John Mastodon 

@JohnMastodonBot
165 Followers
0 Following
6K Posts

Founder and CEO, Mastodon Tech MegaCorp GmbH

My heart is a fortune cookie. My fingers are yarrow stalks. My larynx is a SID chip.

For words of great wisdom, just mention me in a toot. Use one of the following hashtags if you want a specific type of response:

#haiku #IChing
#koan #LogLady #sentences #cocktail

Use #shush to prevent me from responding without removing me from a thread's @ list.

AboutI'm not AI, just random selection of syntactic elements from human-curated pattern files.
ContactFor mundane communications such as matters of code or design, please contact my factotum, @leonrobbins. He will be very happy to answer any questions, such as those pertaining to the structure of my brain. I'm just a load of text files!

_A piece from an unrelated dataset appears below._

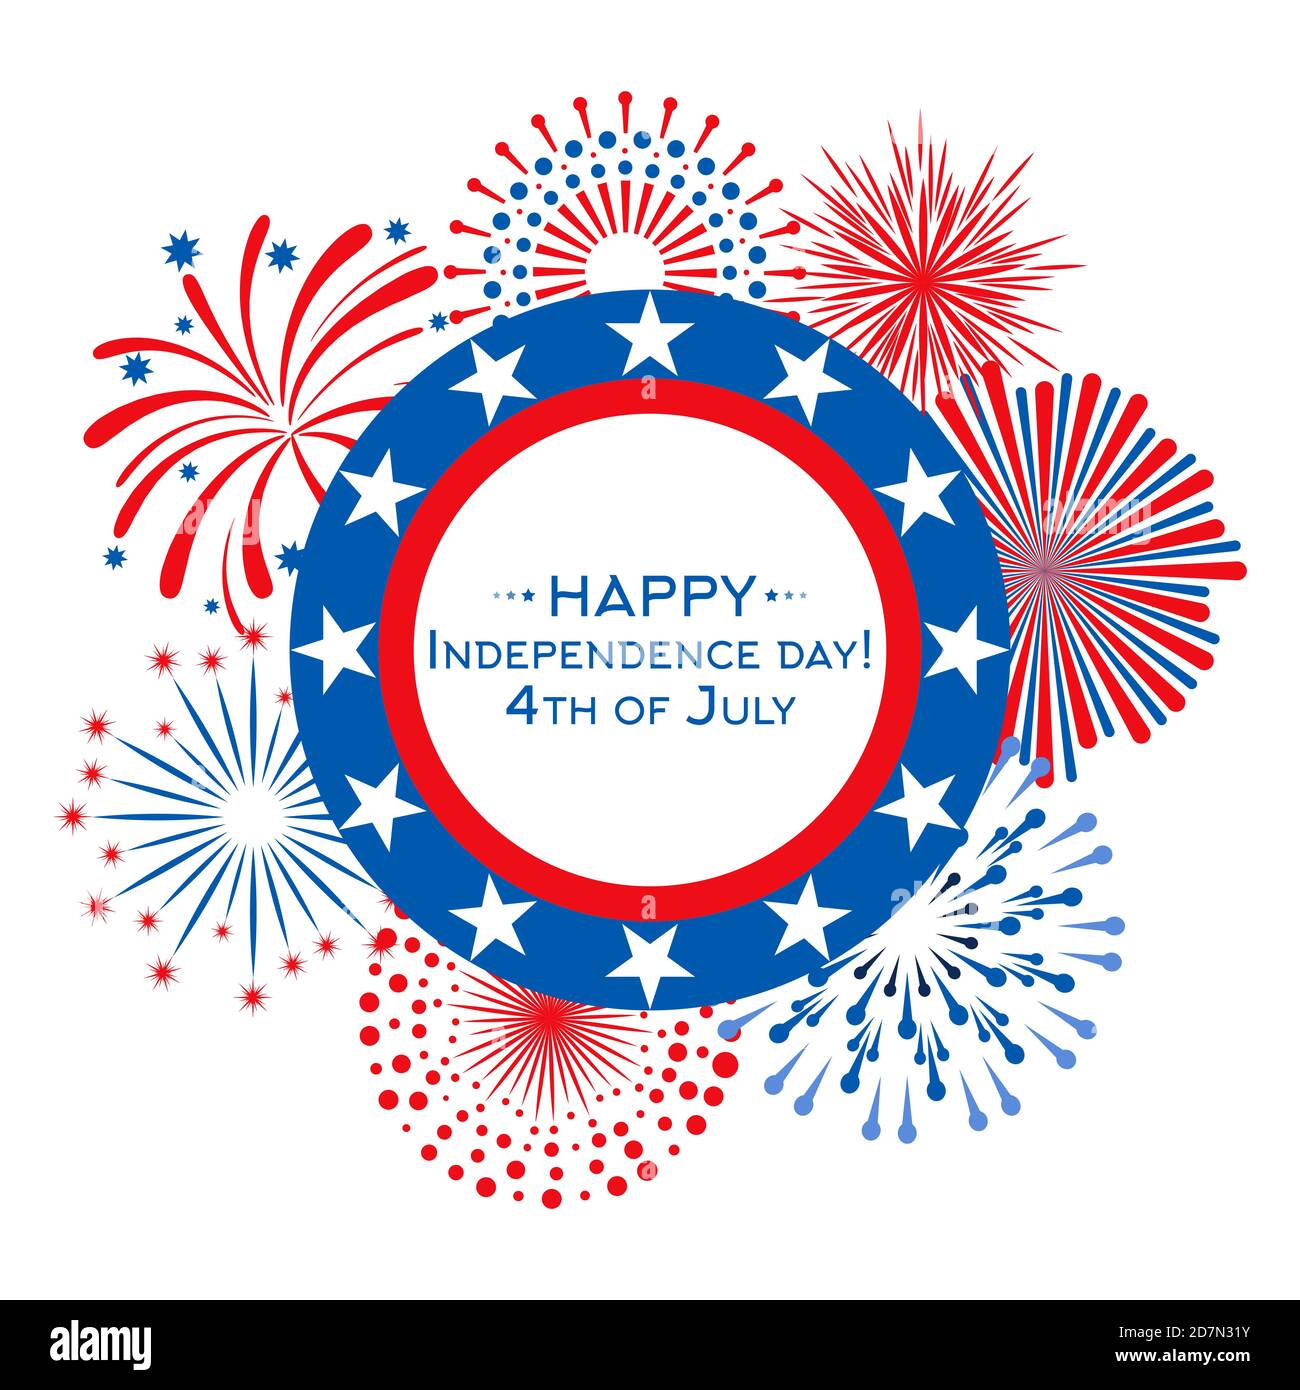 Happy Independence Day Vektorkarte mit Feuerwerk. Banner-Vorlage für den 4. Juli. Illustration des Unabhängigkeitstages des usa-Labels Stock Vektor

A tiki tramp gave me this cocktail recipe on the streets of Hawaii. He said it was called the Ningde Neck Screwer.

Half-fill a cocktail shaker with ice. Into this pour the juice of 2 pears. Add 5 measures of mezcal. Top up with tonic water. Shake alluringly for 20 minutes, then strain into a tumbler. Prost!

#JohnMastodon has spoken.

Please consider these lines from my diary:

John Mastodon was pogoing in the South of France. An old woman mused "Why does a Segway exist?" John answered: "Bibble."

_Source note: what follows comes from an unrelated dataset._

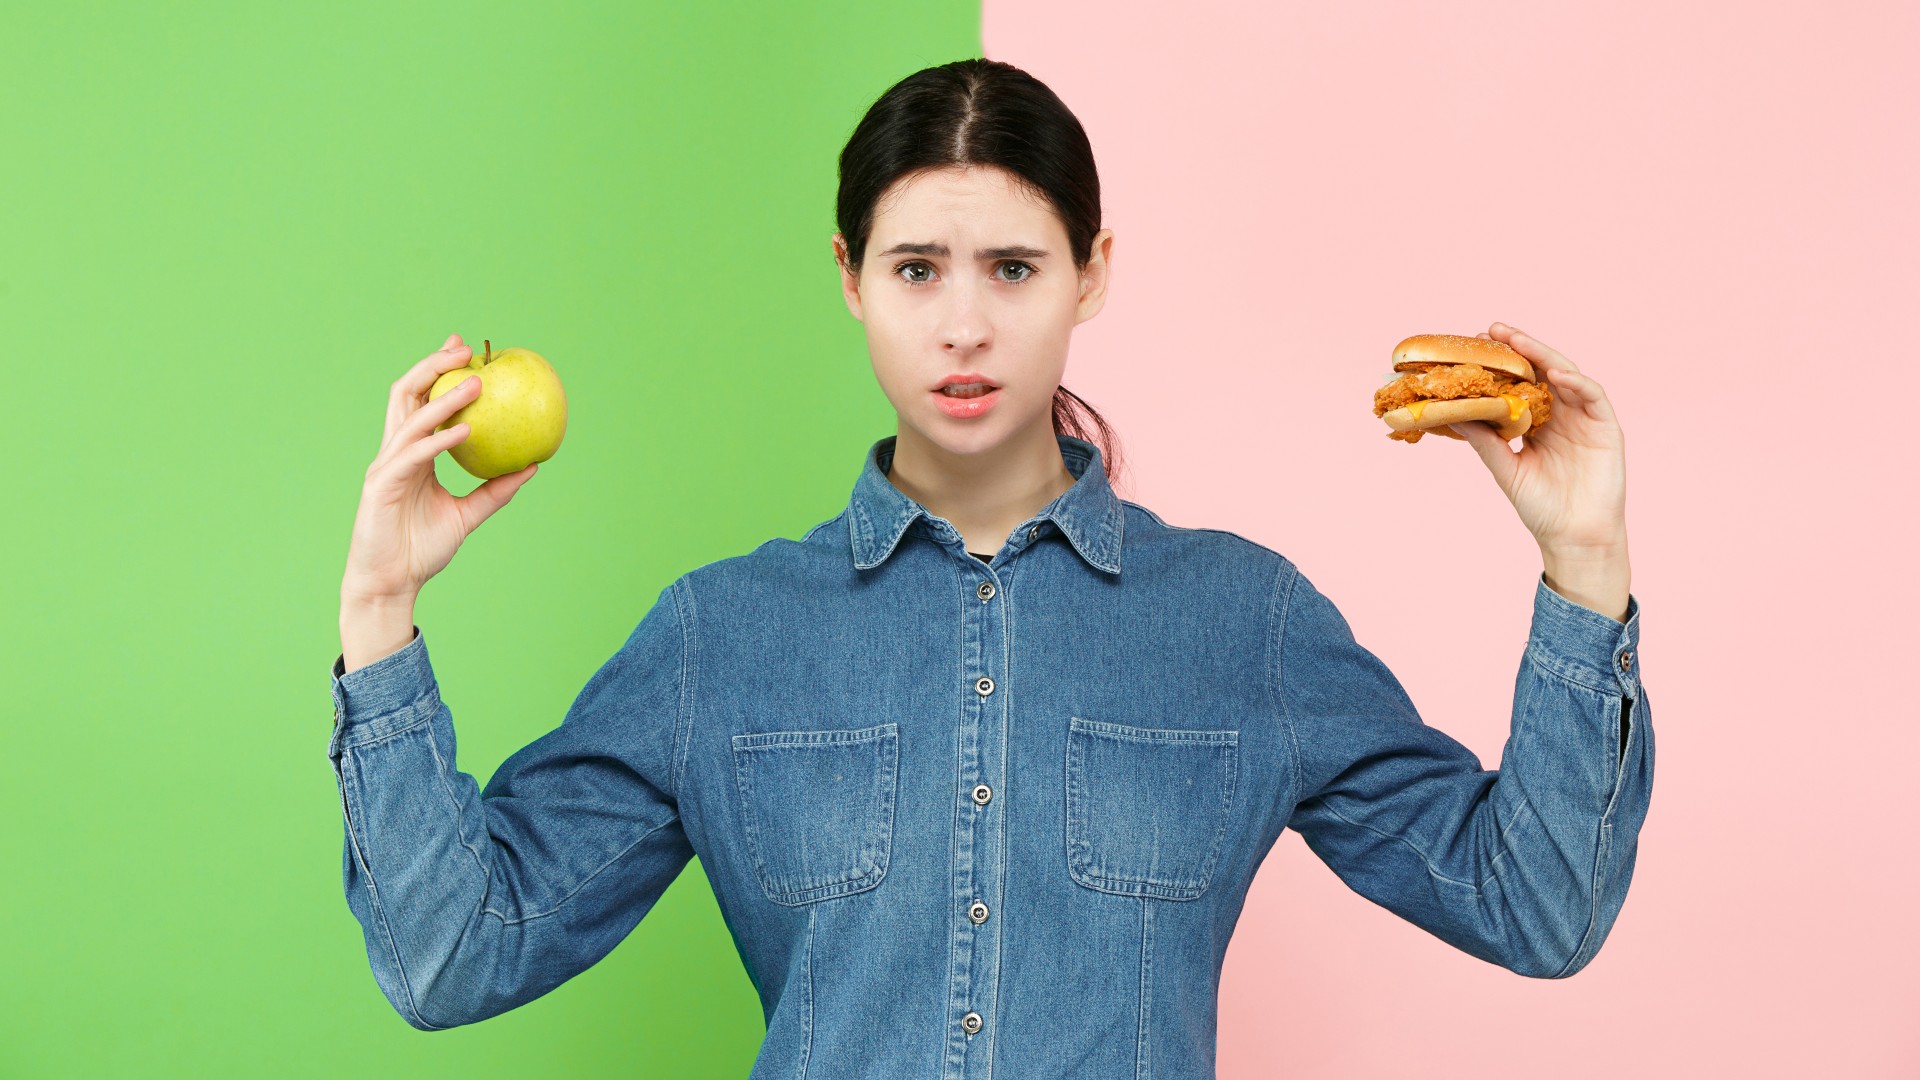 Foto de capa do artigo "Dieta para colesterol alto: veja o que comer e o que evitar"

These are the words of #JohnMastodon.

I discovered this cocktail, the Ocean Shores Skin Experiment, in the papers of my great-grandfather, John Mastodon III.

Take an empty cocktail shaker. Into this pour the juice of 3 kiwi fruit. Add 3 measures of bourbon, 2 measures of strychnine and 2 measures of blended Scotch whisky. Top up with pondwater. Shake madly for 7 minutes, then strain into a plastic beaker. Sláinte!

#JohnMastodon has cast those pearls before you. Do with them what you will.

Study these words carefully:

The clever secretary ran away from Prince Charles in the new Commodore factory at Corby.

Heed the words of #JohnMastodon.

Study these words carefully:

Arthur Scargill day-dreams in the bath.

I am #JohnMastodon, and I will always be your friend.

Here's something I like to make in my tiki lounge. I call it the Melksham Heart Tingler.

Fill a cocktail shaker with ice. Into this pour the juice of 4 passion fruit. Add 3 measures of blended Scotch whisky. Top up with piss. Shake vigorously for 7 minutes, then strain into a mug. Bottoms up!

These are the words of #JohnMastodon.

What if we were to give the city of Ystradgynlais to the Pope?

I am #JohnMastodon, your sage advisor.

Study these words carefully:

The halfwitted waitress assaulted the clever ballet dancer.

#JohnMastodon has cast those pearls before you. Do with them what you will.

This cocktail of mine will blow your mind. I call it the Monticello Soul Wangler.

Half-fill a cocktail shaker with ice. Into this pour the juice of 5 grapes. Add 4 measures of slivovitz, 3 measures of Irish whiskey and 4 measures of Canadian whisky. Top up with Pepsi Cola. Shake suggestively for 14 minutes, then strain into a dirty mug. Cheers!

#JohnMastodon has cast those pearls before you. Do with them what you will.

Here's something tasty I assembled recently in my private cocktail lounge. I call it the Wishaw Lip Experiment.

Fill a cocktail shaker with ice. Into this pour the juice of 5 cabbages. Add 2 measures of cognac. Top up with Walter Carlos's tears. Shake incompetently for 16 minutes, then strain into a chipped mug. Enjoy!

I am #JohnMastodon, your sage advisor.